Collected data
----------------

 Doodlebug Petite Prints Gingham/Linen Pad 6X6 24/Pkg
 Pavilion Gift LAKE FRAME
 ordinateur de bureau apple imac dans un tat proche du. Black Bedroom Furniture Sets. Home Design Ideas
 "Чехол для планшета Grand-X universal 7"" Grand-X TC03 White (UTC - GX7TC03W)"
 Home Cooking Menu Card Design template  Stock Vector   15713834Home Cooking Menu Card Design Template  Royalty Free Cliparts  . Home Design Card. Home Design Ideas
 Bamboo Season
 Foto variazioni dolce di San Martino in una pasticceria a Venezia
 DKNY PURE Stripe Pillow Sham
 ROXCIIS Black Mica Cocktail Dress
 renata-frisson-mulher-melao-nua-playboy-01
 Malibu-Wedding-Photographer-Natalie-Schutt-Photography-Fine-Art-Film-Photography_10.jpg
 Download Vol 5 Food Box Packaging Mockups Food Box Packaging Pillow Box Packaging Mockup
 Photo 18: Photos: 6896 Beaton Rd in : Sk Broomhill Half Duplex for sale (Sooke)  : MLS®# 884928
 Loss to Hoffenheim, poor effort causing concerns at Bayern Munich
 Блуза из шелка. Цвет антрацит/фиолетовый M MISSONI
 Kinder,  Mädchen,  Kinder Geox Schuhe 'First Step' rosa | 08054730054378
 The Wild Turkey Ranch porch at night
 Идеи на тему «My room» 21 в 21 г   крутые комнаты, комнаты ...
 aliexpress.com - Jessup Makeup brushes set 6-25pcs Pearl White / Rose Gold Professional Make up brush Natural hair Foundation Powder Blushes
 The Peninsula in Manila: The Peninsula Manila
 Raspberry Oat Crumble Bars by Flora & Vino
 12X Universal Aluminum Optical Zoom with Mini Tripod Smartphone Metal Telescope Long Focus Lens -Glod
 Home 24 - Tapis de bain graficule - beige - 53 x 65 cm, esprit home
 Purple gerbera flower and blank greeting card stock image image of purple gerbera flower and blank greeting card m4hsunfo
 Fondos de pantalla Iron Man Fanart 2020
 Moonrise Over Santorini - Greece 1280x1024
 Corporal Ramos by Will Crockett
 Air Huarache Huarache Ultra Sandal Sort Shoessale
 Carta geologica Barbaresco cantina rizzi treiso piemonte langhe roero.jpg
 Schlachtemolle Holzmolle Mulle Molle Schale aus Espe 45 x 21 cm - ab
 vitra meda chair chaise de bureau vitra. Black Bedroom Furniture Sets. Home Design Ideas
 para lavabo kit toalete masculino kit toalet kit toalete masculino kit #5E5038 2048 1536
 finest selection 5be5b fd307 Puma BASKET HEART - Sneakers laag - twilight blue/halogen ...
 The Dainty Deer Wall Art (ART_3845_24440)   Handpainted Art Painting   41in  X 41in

----------------

● Task to carry out:
What is the number of lines in the records that contain the word "Ideas"? Answer with the number and nothing else.

● Solution for this exercise:
3